#  >  > Living And Legal Affairs In Thailand >  >  > Farming & Gardening In Thailand >  >  > Thailands National Parks >  >  Khao Luang Naional Park

## dirtydog

*Khao Luang Naional Park*

*Nakhon Sri Thammarat*

*General Information*

The Park, located on the southern peninsular of Thailand in Nakhon Sri Thammarat province is Khao Luang National Park. It is named after the tallest mountain in the park which is also the tallest in southern Thailand. The park is mountainous with many tall mountains along this range.




*Geography*

The Park covers an area of 570km encompassing a huge variety of wildlife, including mountains, forests, rivers and waterfalls. Providing a place of beauty for visitors to come and experience. This area also provides an important watershed area for the surrounding villages and farms.
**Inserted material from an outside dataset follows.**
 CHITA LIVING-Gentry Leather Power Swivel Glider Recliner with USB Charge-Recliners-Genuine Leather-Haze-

Park provides a green roof to southern Thailand and its quality earned it an award in 1999 for being a place of outstanding beauty and nature.

Park was officially designated a National Park on the 18th December 1974, becoming the 9th National Park in Thailand. The Headquarters of the Park is 30km from the town of Nakhon Sri Thammarat.
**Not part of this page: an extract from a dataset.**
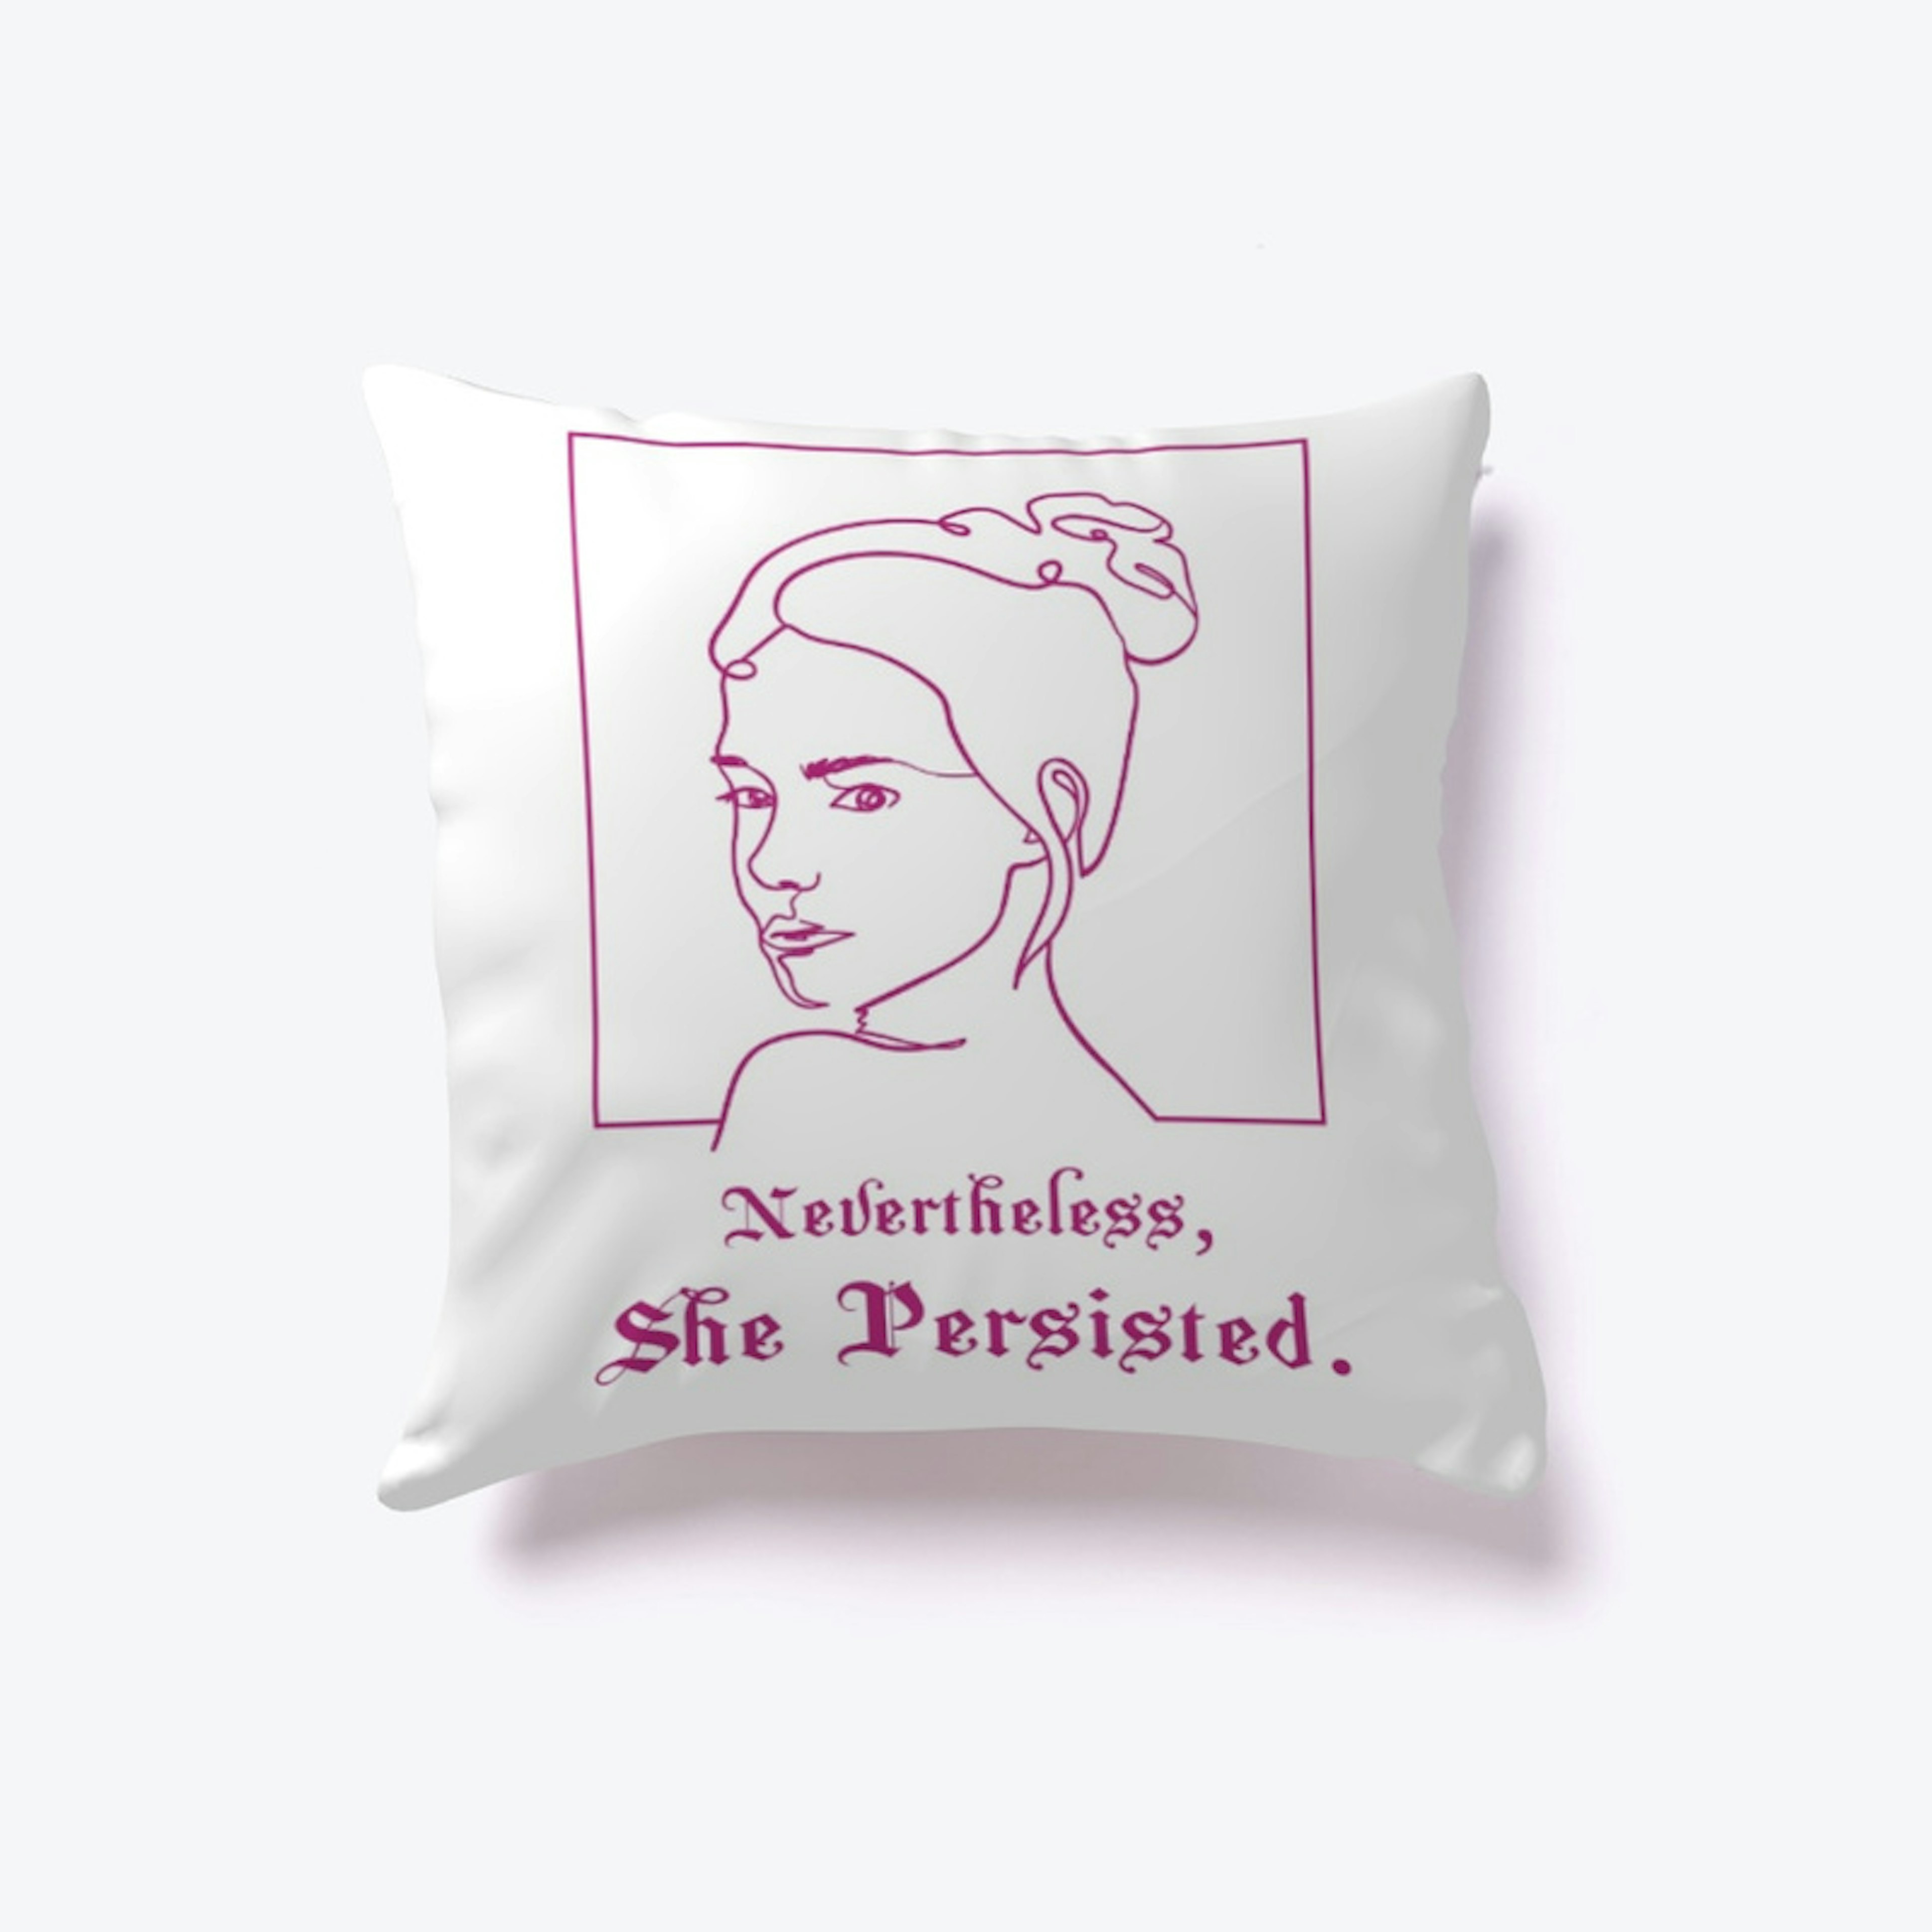 Nevertheless, She Persisted|Empowering

Mountainous Park is a watershed for the Tapee River. It is located within several districts; Lansaka, Chawang, Phiboon, Plomkiri, Chang Klang and Nop Pi Dam.




*Climate*

Due to the Parks location on the peninsular, it receives monsoons from both the east and the west coasts and means that the Park receives a great deal of rain all year and also cold weather. There are two main seasons. Rainy season from May through to January with the heaviest of the rainfall between October and December. Hot season is between February and April. Over the year the Park receives approximately 3,500-4,000mm. of rainfall. The highest temperatures range between 28-30 Celcius and the lowest between 15-17 Celcius in January and February.

*Flora and Fauna*

Moist Evergreen Forest, which can be found in the valleys and in damp gulleys and riversides.

Hill Evergreen Forest and Lower Montane Forest,Over 300 species of orchids can be seen within the Park. Khao Luang is the only place in the world where some of these can be found.

There are no less than 327 species of animals living in Khao Luang, some of these include; Malayan Tapir (only seen if you are very lucky), Sumatran Serow, Pigtailed Macaque, Bush-tailed Porcupine, Clouded Leopard, Barking deer, Sambardeer, Binturong, Panther, Tiger, Wild Pig, Banded Languar and Dusky Speckled Languar.

Bird species include, Black Eagle, Red Jungle Fowl, Great Argus Pheasent, Crested Fireback Pheasent, White-crowned Hornbill, Bushy-crested Hornbill, Great Pied Hornbill, Helmeted Hornbill, Redcrowned Barbet and Sunbirds.

----------